# [EXERCISE INPUT]
-*-*-

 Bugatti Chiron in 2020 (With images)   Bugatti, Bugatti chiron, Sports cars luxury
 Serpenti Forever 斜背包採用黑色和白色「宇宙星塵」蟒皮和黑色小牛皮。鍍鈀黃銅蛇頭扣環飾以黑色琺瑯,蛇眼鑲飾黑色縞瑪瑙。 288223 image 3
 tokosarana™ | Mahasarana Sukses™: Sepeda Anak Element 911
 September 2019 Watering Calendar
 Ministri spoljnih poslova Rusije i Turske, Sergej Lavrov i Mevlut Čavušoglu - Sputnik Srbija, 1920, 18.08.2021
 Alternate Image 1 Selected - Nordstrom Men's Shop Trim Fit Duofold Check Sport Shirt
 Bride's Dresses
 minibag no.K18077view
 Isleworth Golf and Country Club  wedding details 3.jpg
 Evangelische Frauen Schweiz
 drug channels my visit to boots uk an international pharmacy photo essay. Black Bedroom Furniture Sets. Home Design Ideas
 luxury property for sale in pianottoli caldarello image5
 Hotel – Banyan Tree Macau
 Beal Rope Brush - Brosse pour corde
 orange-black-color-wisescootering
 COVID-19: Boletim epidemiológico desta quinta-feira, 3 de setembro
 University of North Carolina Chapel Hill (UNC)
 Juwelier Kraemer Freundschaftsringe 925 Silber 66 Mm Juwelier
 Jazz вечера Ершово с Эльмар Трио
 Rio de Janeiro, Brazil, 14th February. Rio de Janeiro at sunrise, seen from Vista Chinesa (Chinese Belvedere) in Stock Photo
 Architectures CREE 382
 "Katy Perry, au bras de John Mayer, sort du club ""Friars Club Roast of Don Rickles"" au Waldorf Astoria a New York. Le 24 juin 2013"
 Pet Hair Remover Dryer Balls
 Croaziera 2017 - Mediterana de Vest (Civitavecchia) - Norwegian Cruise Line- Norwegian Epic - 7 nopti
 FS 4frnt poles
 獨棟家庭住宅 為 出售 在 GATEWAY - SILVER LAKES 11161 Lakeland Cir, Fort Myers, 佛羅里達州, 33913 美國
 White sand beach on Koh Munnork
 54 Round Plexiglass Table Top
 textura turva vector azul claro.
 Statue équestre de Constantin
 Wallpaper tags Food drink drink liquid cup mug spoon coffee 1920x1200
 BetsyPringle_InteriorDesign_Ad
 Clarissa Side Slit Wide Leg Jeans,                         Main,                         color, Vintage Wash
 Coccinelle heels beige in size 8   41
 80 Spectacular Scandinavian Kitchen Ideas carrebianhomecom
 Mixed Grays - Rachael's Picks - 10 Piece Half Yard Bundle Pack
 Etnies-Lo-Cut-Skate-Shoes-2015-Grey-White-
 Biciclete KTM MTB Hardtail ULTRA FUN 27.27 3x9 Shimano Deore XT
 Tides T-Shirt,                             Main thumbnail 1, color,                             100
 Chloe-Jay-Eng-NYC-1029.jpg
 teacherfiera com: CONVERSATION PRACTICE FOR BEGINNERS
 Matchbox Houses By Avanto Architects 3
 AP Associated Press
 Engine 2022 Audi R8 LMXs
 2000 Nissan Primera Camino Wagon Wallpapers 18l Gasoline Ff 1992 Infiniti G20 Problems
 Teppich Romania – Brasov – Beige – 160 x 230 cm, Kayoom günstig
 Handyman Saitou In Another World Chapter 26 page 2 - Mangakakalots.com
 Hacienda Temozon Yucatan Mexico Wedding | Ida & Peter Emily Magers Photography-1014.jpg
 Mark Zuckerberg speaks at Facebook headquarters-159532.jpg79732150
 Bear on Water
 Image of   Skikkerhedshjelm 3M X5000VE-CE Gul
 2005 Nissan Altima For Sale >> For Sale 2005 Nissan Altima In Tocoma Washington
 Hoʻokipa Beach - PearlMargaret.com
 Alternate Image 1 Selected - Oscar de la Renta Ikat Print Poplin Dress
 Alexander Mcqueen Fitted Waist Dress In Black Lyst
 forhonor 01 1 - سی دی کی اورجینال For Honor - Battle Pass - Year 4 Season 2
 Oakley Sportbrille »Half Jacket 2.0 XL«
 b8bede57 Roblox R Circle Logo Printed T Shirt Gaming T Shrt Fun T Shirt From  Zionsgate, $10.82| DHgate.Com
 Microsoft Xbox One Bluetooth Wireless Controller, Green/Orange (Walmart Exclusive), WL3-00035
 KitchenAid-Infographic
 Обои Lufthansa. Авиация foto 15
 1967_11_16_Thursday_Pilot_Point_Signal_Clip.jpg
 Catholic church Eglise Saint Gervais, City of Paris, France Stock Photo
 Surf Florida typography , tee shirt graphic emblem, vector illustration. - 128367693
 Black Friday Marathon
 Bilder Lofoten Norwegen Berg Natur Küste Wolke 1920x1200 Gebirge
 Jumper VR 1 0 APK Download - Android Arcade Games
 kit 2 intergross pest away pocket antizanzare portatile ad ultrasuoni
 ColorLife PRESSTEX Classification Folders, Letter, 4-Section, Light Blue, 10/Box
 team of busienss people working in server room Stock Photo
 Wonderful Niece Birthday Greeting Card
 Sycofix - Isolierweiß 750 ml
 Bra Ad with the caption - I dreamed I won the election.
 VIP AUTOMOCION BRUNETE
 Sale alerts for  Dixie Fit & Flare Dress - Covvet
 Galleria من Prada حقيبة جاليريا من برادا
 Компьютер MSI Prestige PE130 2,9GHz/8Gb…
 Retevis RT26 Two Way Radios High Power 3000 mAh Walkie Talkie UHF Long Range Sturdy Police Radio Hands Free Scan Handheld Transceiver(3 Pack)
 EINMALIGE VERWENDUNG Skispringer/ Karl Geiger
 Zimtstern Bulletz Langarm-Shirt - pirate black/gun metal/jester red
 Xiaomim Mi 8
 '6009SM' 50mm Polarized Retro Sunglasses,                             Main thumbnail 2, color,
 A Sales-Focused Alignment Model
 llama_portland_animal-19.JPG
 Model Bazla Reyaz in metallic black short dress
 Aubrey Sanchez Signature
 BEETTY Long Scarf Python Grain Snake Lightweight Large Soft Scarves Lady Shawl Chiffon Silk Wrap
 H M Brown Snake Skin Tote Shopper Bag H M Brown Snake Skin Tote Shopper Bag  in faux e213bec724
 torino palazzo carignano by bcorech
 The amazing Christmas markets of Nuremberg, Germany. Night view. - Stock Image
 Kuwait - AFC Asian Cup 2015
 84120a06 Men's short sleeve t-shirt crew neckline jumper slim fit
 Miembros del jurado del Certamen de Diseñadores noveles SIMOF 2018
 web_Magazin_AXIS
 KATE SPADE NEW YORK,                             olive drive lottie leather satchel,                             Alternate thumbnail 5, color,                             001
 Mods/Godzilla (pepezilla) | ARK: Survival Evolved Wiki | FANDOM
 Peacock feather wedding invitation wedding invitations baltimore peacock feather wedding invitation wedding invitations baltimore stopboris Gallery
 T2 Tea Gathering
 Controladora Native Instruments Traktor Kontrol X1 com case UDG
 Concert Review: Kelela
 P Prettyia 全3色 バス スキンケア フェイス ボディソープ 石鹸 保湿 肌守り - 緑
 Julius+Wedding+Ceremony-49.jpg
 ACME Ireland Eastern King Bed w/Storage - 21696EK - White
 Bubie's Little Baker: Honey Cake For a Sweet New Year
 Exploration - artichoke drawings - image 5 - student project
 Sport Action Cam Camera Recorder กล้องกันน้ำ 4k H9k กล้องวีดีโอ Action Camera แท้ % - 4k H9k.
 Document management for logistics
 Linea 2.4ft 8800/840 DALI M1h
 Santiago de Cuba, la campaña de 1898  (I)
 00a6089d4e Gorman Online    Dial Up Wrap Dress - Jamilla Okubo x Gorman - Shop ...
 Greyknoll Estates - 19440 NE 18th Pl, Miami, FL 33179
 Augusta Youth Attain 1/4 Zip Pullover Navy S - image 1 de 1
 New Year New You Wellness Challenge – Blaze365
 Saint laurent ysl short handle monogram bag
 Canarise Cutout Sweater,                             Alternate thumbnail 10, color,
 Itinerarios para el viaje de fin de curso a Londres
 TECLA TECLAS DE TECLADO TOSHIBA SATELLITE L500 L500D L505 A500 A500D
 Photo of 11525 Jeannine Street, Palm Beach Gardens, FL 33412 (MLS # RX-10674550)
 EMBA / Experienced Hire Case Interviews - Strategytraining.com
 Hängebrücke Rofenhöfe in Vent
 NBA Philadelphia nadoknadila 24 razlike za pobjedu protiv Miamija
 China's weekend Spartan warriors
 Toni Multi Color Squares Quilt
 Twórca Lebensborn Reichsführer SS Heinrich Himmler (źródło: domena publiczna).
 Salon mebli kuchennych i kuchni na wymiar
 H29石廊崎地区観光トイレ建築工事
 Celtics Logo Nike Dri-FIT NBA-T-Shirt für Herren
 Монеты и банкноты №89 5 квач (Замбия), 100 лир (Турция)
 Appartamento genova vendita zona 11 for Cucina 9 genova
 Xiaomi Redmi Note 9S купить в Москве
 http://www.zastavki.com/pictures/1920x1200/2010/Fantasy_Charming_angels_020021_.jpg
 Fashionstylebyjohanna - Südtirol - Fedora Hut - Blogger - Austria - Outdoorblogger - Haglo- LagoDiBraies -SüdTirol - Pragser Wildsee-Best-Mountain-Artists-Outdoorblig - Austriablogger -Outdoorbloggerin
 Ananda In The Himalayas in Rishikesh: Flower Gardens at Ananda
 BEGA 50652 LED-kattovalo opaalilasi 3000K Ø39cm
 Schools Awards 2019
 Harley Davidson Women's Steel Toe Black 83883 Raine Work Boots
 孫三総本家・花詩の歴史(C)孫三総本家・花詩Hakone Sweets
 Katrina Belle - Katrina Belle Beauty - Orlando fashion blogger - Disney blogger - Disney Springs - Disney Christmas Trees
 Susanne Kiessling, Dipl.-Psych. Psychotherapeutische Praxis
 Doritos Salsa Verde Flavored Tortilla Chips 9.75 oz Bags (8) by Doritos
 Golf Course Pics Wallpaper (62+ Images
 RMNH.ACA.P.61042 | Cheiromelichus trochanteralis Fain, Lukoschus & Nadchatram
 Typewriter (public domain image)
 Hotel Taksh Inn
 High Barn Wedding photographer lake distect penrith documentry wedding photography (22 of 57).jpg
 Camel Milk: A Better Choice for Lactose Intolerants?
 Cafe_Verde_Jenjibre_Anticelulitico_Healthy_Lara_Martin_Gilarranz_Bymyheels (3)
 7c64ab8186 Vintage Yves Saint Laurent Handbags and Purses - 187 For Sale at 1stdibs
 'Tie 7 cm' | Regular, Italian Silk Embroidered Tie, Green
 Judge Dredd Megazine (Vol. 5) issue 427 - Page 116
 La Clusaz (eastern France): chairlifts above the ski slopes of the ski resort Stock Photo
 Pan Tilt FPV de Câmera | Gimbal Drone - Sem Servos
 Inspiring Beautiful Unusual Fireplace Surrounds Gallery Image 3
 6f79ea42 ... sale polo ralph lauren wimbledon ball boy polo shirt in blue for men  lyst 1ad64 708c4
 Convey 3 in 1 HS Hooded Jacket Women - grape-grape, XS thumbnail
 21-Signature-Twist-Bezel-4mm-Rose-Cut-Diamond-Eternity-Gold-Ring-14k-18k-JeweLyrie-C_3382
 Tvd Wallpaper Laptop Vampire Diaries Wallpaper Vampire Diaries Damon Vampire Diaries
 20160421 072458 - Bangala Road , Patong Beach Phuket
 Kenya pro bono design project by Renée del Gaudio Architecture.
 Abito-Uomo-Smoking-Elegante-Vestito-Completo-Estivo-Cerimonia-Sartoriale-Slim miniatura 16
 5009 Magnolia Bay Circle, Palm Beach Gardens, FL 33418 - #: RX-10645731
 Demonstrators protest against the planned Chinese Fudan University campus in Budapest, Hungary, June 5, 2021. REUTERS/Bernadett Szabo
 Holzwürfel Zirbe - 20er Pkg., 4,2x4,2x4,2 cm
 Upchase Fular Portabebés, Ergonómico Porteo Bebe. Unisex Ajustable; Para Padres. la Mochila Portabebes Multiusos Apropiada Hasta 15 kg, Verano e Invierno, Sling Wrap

-*-*-

# [EXERCISE REQUIREMENTS]
Looking at the records above, return exactly the lines from the line with "AP Associated Press" to the line with "Bra Ad with", both ends included.

# [PROBLEM SOLUTION]
 AP Associated Press
 Engine 2022 Audi R8 LMXs
 2000 Nissan Primera Camino Wagon Wallpapers 18l Gasoline Ff 1992 Infiniti G20 Problems
 Teppich Romania – Brasov – Beige – 160 x 230 cm, Kayoom günstig
 Handyman Saitou In Another World Chapter 26 page 2 - Mangakakalots.com
 Hacienda Temozon Yucatan Mexico Wedding | Ida & Peter Emily Magers Photography-1014.jpg
 Mark Zuckerberg speaks at Facebook headquarters-159532.jpg79732150
 Bear on Water
 Image of   Skikkerhedshjelm 3M X5000VE-CE Gul
 2005 Nissan Altima For Sale >> For Sale 2005 Nissan Altima In Tocoma Washington
 Hoʻokipa Beach - PearlMargaret.com
 Alternate Image 1 Selected - Oscar de la Renta Ikat Print Poplin Dress
 Alexander Mcqueen Fitted Waist Dress In Black Lyst
 forhonor 01 1 - سی دی کی اورجینال For Honor - Battle Pass - Year 4 Season 2
 Oakley Sportbrille »Half Jacket 2.0 XL«
 b8bede57 Roblox R Circle Logo Printed T Shirt Gaming T Shrt Fun T Shirt From  Zionsgate, $10.82| DHgate.Com
 Microsoft Xbox One Bluetooth Wireless Controller, Green/Orange (Walmart Exclusive), WL3-00035
 KitchenAid-Infographic
 Обои Lufthansa. Авиация foto 15
 1967_11_16_Thursday_Pilot_Point_Signal_Clip.jpg
 Catholic church Eglise Saint Gervais, City of Paris, France Stock Photo
 Surf Florida typography , tee shirt graphic emblem, vector illustration. - 128367693
 Black Friday Marathon
 Bilder Lofoten Norwegen Berg Natur Küste Wolke 1920x1200 Gebirge
 Jumper VR 1 0 APK Download - Android Arcade Games
 kit 2 intergross pest away pocket antizanzare portatile ad ultrasuoni
 ColorLife PRESSTEX Classification Folders, Letter, 4-Section, Light Blue, 10/Box
 team of busienss people working in server room Stock Photo
 Wonderful Niece Birthday Greeting Card
 Sycofix - Isolierweiß 750 ml
 Bra Ad with the caption - I dreamed I won the election.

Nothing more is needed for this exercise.